In-Flight Flatulence (Digestion Post # 1)
That's right--farting caused an airplane to have to divert.
Some passengers on flight 1053 smelled lit matches, became concerned, and reported the smell to flight attendants (lighting matches onboard an airplane is prohibited). The flight crew requested and made an emergency landing in Nashville. After the 99 passengers were removed from the airplane, bomb-sniffing dogs found evidence that somebody had been lighting matches inside the passenger cabin.
After lengthy questioning by the FBI, a woman passenger admitted to having lit the matches. She told the FBI that she had lit the matches to "conceal the odor" of her "troubled digestive system." The woman was released without charges, but forbidden to re-board her flight. American Airlines "has banned her for a long time," said a Nashville Airport Authority official.
Thankfully, this incident brings to the forefront an incredibly important issue relating to air travel: How does one politely and considerately conduct the Intestinal Symphony in Poo Minor while on an airplane?
I've checked with the guru of manners, Ms. Emily Post, to discover the appropriate etiquette under the circumstances. Quite surprisingly, Ms. Post has not addressed this issue before.
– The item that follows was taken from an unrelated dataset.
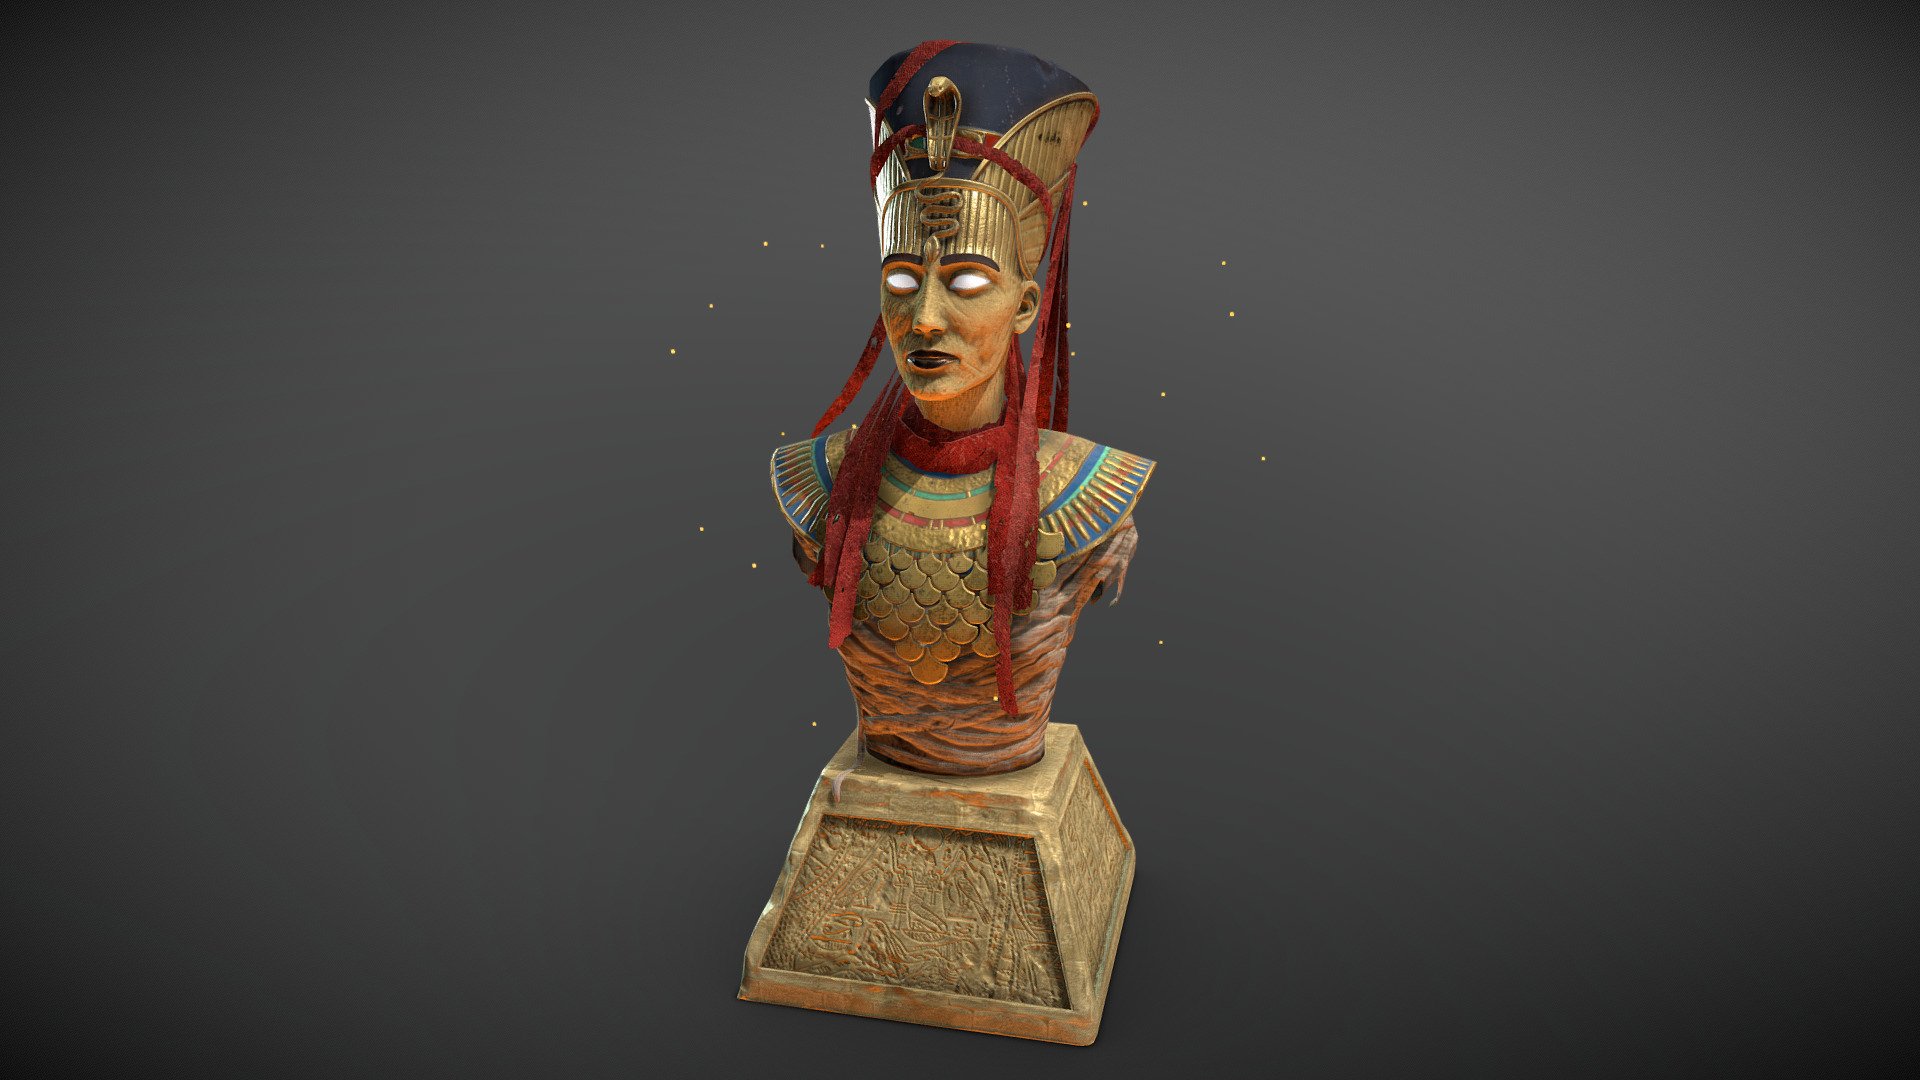 This is a bust of Nefertiti from Assassin's Creed Origins DLC &ldquo;The Curse of the Pharaohs

I guess this leaves the resolution of travel tooting to me.
- First of all, during the 24-hour period before your flight, stay away from all foods that traditionally cause gas, like Mexican food, peppers, cheap beer, kugel in any form, Vietnamese food (no matter how tasty it may be) any sort of "mix" plates (e.g., including barbecue mix plates, Nick Tahoe garbage plates), and beans in any form.
- Ideally, an in-flight fart should be performed within the (sticky-floored) confines of the (wee-wee covered) airplane bathroom. This is one of the reasons that Cletis always recommends that travelers choose the aisle seat, to facilitate a quick and easy exit. Most airplanes adequately ventilate these bathrooms so that your flatulence is sucked up and stored in a special tank, later to be used as air freshener for city buses throughout the United States (but primarily in San Francisco).
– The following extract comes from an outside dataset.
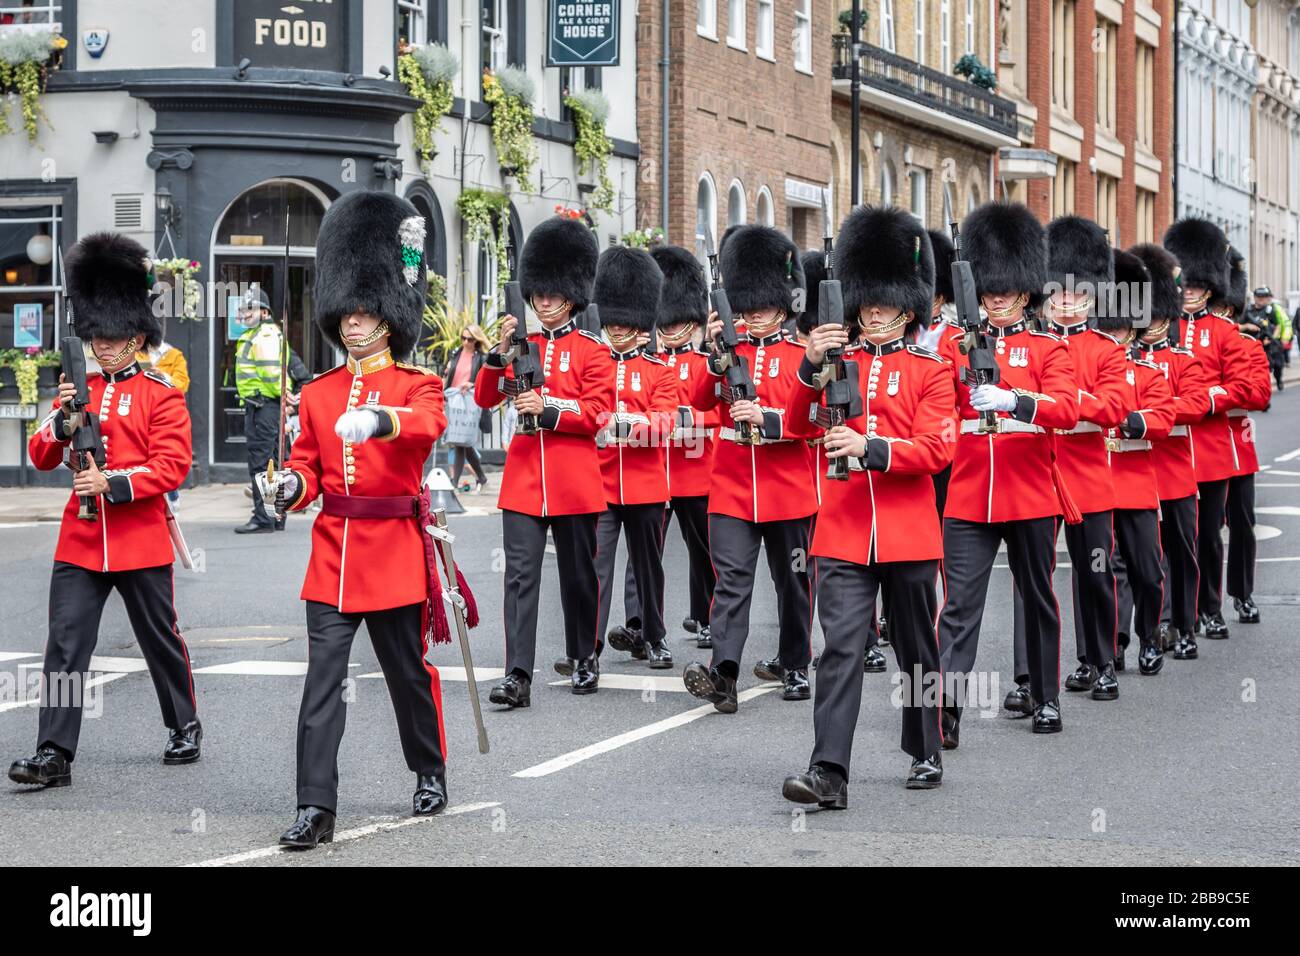 Soldiers of the Welsh Guards 'Change Arms' on the march back to Victoria barracks, Windsor, Berkshire, UK - May 28th 2019 Stock Photo

- When you can't get near your designated toilet (due to beverage service carts or long lines for the bathroom), don't be bashful about heading to the first class bathroom to toot. If the snippy flight attendant in first class blocks your entry, step into the forward galley and let 'er rip. That'll teach 'em.
- Similarly, if you can't get into a toilet in time because of a queue outside, step right into the rear galley and move your methane there. At least the flight attendants are used to the stink and already despise passengers, so you've got nothing to lose.
- But when you've reached DefCon 1 and you know you're not going to make it to a toilet, your strategy wholly depends on the fabric of the airplane's seats. If the airplane has the (dirty, germ-ridden) fabric-covered seats, make sure you've got a good seal between your tush and the seat, and pound that sucker deep into the cushion (in the industry this is known as the "deep drive" technique). Trust me, it ain't gonna matter much, seeing as those cushions are made up of three parts flatulence and one part fabric, anyhow. Your only concern, however, should be if the cushion has reached its maximum fart capacity. If so, although the cushion will absorb your emission, it could dislodge a long-ago deposited stink from the days of yore. You'll release a horrific, well-aged stink that will eclipse the smell of whatever you drove into the cushion, and you'll get no credit from your neighbors for your efforts to follow appropriate etiquette.
- The worst possible scenario is when you've reached DefCon 1 on those airplanes with leather seats. The leather is not cut-cheese permeable, so the deep-drive technique will not work. In a pinch, I suggest that you get up, go BACK in the aisle, and let it go near some other folks. Make a quick return back to your seat, and so long as it's not a trailer, your neighbors will never know.